If your family is like ours in the run-up to the school holidays, there can be something of a scramble to find activities (as well as copious snacks) to keep small people occupied. For people on lower incomes, things can be more difficult.
Social mobility academics also regularly identify that what happens out of school is a big factor in differences in outcomes for children of different backgrounds. For some children, holidays are a time of discovery and cultural enrichment while for others sadly they are not.
In recognition of this, the Department for Education created the ‘Holiday Activity & Food’ (or HAF for short) programmes, initially in the summer. These are kids’ clubs, free to qualifying lower-income families, run by different providers, organised by local authorities, and funded by central government.

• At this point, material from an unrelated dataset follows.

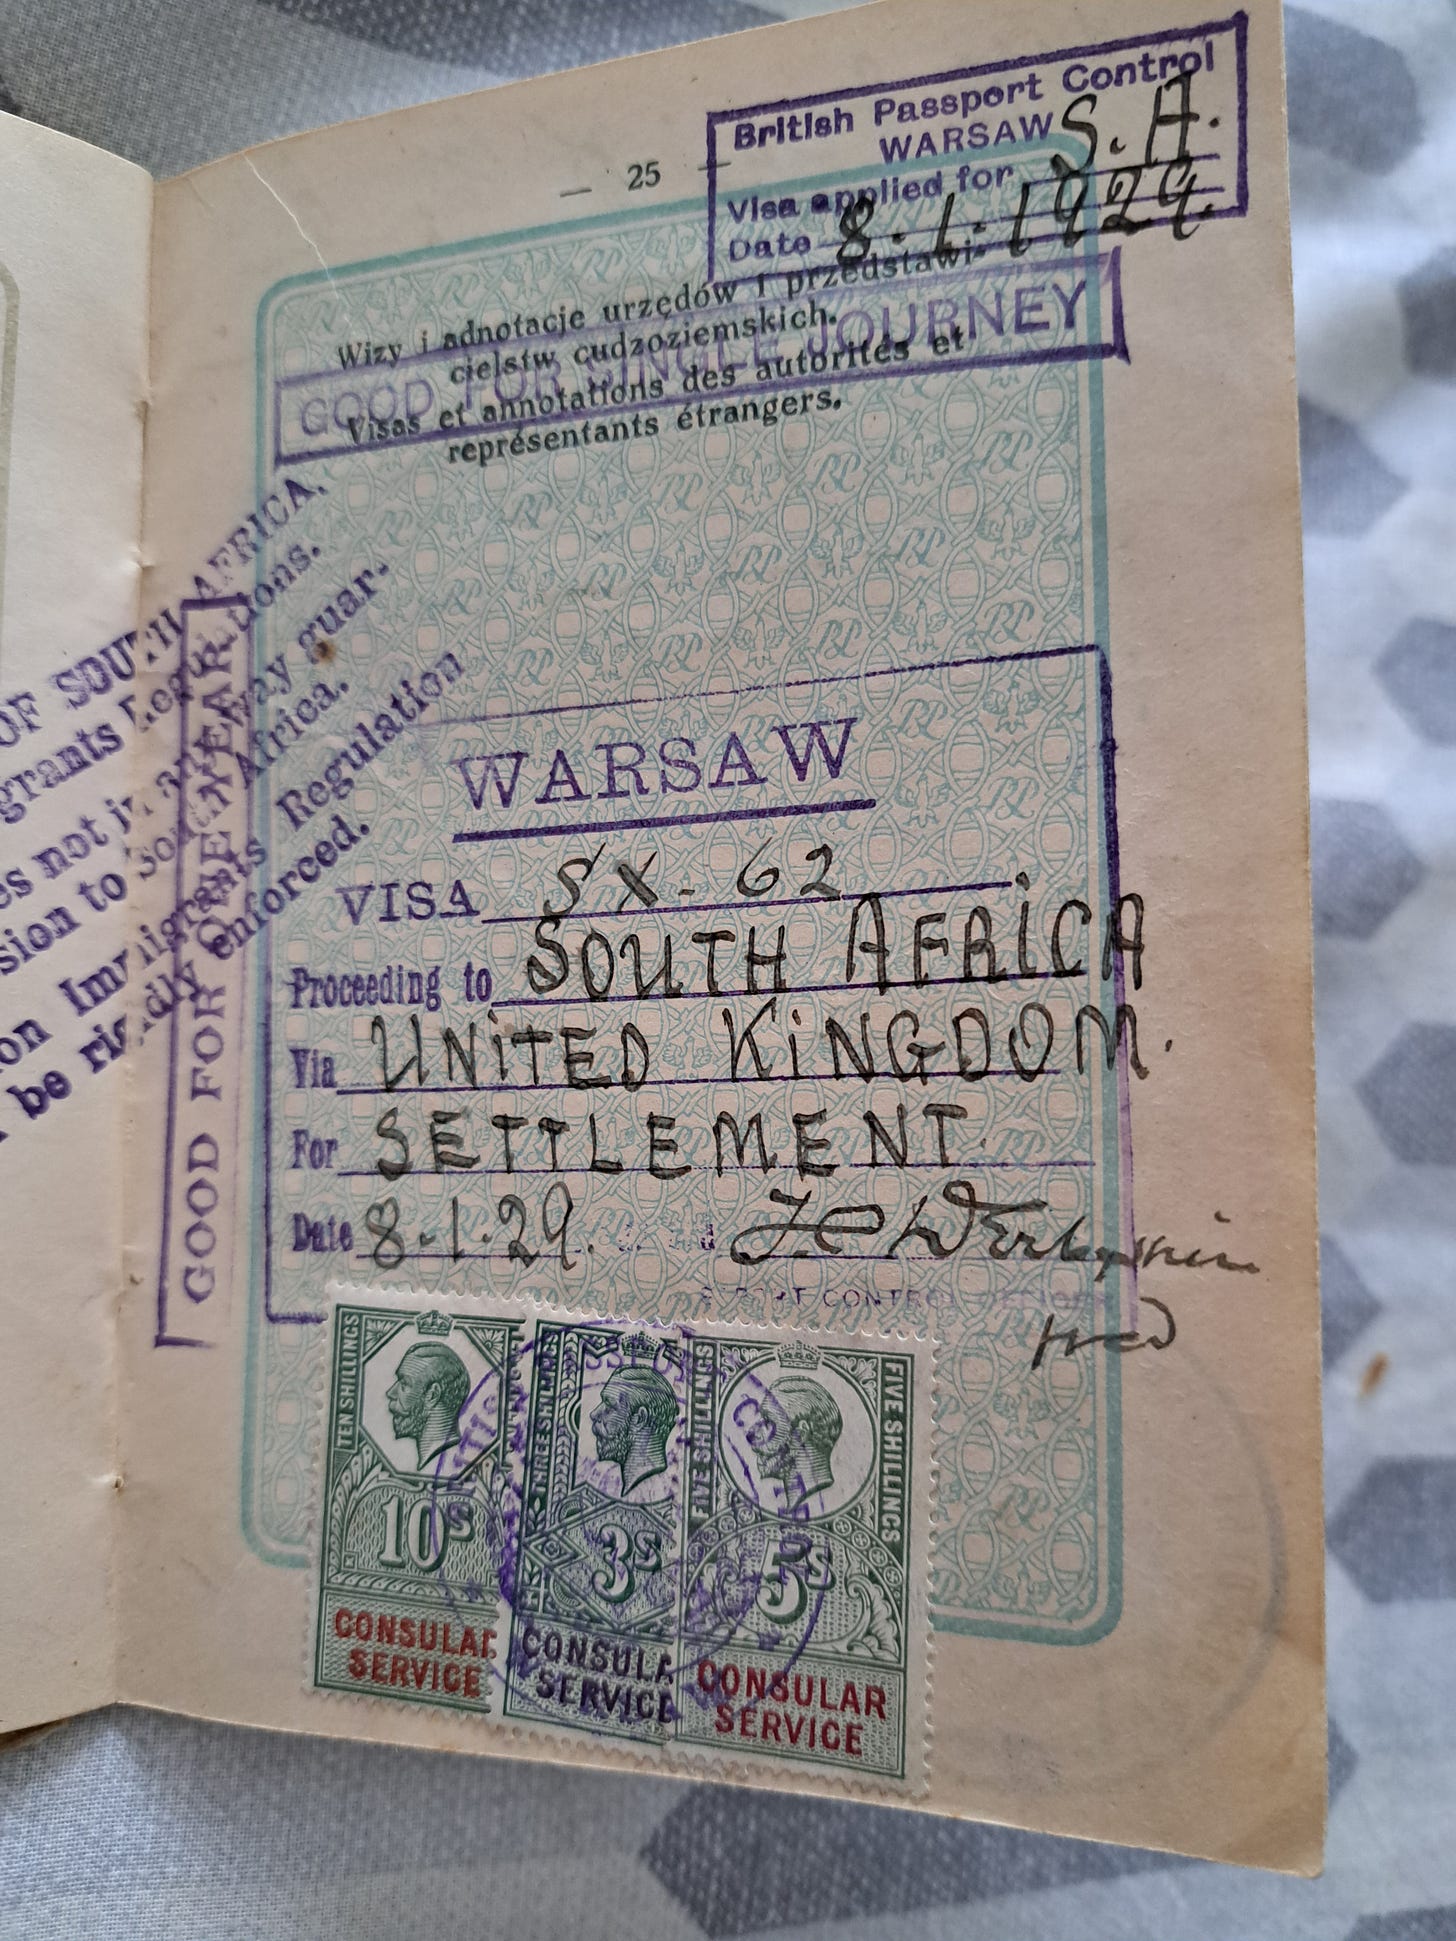 My grandfather's visa for settlement in South Africa

It has been great to visit East Hants HAF sessions, and see the variety of what is on offer. This year HAF has run in the Easter holidays as well, and I recently visited a school in Southampton to see it in action.

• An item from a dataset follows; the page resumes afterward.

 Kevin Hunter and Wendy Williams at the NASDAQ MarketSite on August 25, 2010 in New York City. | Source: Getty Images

A central feature of HAF, as the name suggests, is a nutritious meal alongside the activities. Many HAF programmes also include sessions on food preparation.
At the Southampton club, coaches from Hampshire’s ‘Southern Brave’ offer sessions on the basics of cricket – and you can join a cookery masterclass with a past Masterchef winner.

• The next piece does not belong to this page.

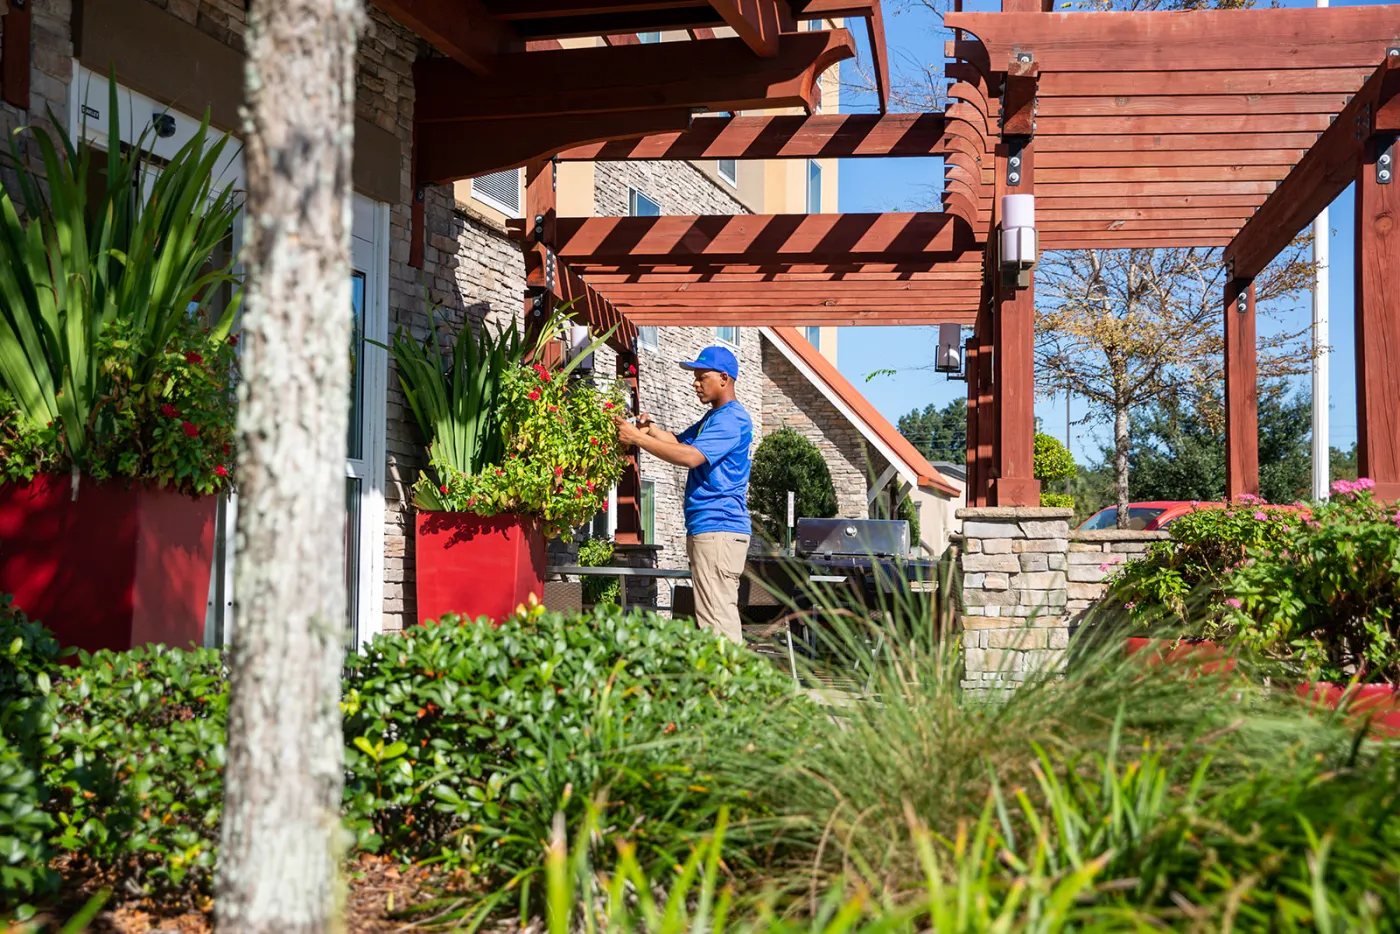  Your Perfect Outdoor Oasis with Landscape Design and ‘Lawn Services Near Me’ in St. Augustine, FL

In East Hampshire, this Easter holidays, there were HAF spaces for up to 600 children.
Locally, Building 94 in Bordon is now the home to ‘Creative Form’ which has created a space for young people aged 11 to 16 to try their hand at creative arts and group cookery sessions as well as off-site activities including climbing, caving and canoeing.
These holiday activities can be really helpful for the development, health and well-being of children and young people who wouldn’t otherwise be able to get that opportunity. It helps keep children active, and from an education perspective, keeps the good work achieved during term time going.
It is also a real help to parents, of course – firstly by presenting their children with that opportunity and being constructively engaged, and trying out new things.
But it also helps support parents in their own work, one of a number of initiatives that assist on that.
The highest-profile of these is the large extension we are making to childcare entitlements for pre-schoolers. You can reclaim up to 85 per cent of childcare costs through Universal Credit.
There are also now 775 breakfast club places in East Hants, and the government is increasing availability of after-school care in primaries from September.